Is a 911 good value for money? Well, it depends upon your perspective. There'll always be lesser brands offering sportscars that look similarly quick. But most Porsche buyers pay these models only a cursory glance, secure in the knowledge that 911 excellence can be theirs at a substantial saving over an alternative from Maserati, Aston Martin - and even Audi. Not as much of a saving these days, it must be said, as used to be the case. Prices for this seventh generation model start at just over the £73,000 mark for a 3.4-litre Carrera model and just over £83,000 for a pokier 3.8-litre Carrera S. There's a premium of around £7,500 if you want the extra 30PS that comes with one of the GTS models. Good news though, is that there's very little extra to find if you want the reassurance of all-wheel drive in a Carrera4 model. You will, however, have to find an extra £2,500 on top of the price of your chosen variant if you want the PDK semi-automatic gearbox. And the charms of Cabriolet motoring come at a £8,500 premium over the cost of the equivalent Coupe version. Of course, there are many other pricier derivatives introduced through the typical 911 model life cycle and buyers with deeper pockets can talk to their local Porsche centre about Turbo engines or the Targa bodystyle, maybe even the GT3 or GT2 track-ready models. For many though, the purest example of the breed is the most affordable Carrera version - this car.

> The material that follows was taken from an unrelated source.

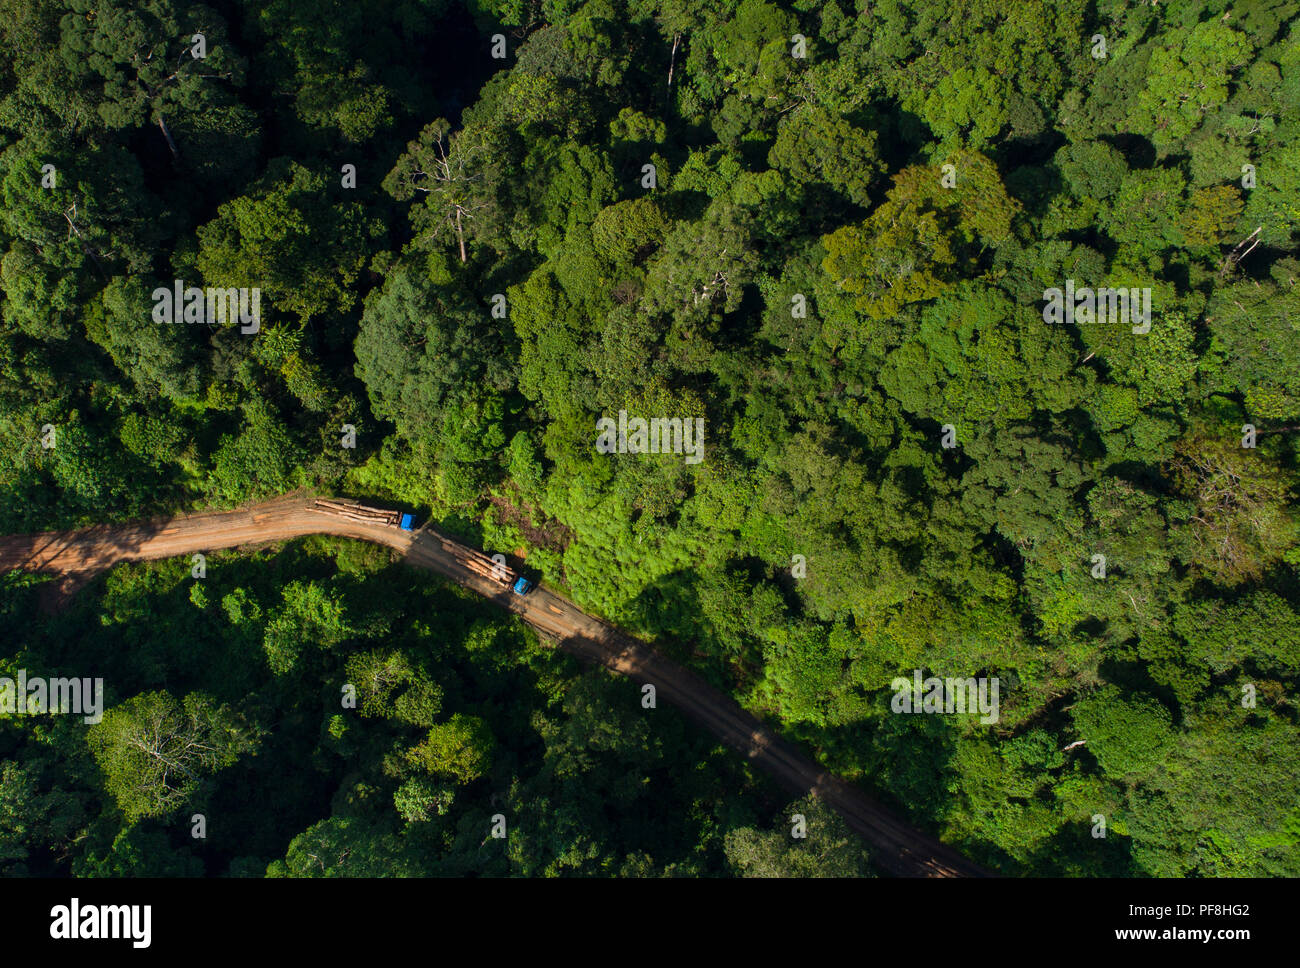 Drone photo of loaded logging trucks on a logging road through Deramakot Forest Reserve, Sabah, Malaysian Borneo Stock Photo

Economy and emissions were always a relatively strong suit of the 911 but the latest version takes things into a different realm with fuel and emissions improvements of up to 16%. The basic efficiency of the direct injection engine, the lightweight construction and the car's excellent aerodynamics are the building blocks to which are added efficiency measures such as electro-mechanical power steering, low rolling resistance tyres and a start/stop system to cut the engine when you don't need it, stuck in traffic or waiting at the lights. The PDK gearbox also helps to improve economy and reduce emissions. Specify a Carrera with a PDK 'box and you're getting a 350bhp car that will return 34.4mpg on the combined cycle (6mpg better than before) and emit just 194g/km of CO2, the first time that a 911 has dipped beneath the magic 200g/km of CO2 barrier. In the case of the Carrera S, with its 400bhp 3.8-litre direct injection engine, economy when paired with the optional PDK is increased by 14 per cent, or 5 mpg, to 32.4mpg combined -despite 15bhp more power. That equates to CO2 emissions of just 205 g/km. About the same as some humble hot hatches.

The 911. Whether you've a classic model or this seventh generation state-of-the-art supercar, it's an automotive icon that's globally loved, with around three-quarters of a million cars sold worldwide over five decades, 80% of which are still on the road. This latest version is more efficient, more stylish, better quality and best of all faster. Prices for this seventh generation model start at just over the £70,000 mark for a 3.4-litre Carrera model and just over £80,000 for a pokier 3.8-litre Carrera S. Good news though, is that there's very little extra to find in either case if you want the reassurance of all-wheel drive in a Carrera4 model. You will, however, have to find an extra £2,500 on top of the price of your chosen variant if you want the PDK semi-automatic gearbox. And the charms of Cabriolet motoring come at a £8,500 premium over the cost of the equivalent Coupe version. With this MK7 car, Porsche has taken a bigger step forward than this model line has ever seen before, but even so, the company hasn't messed with the fundamental formula. In other words, if, like me, you've always loved this car, then you'll love this one.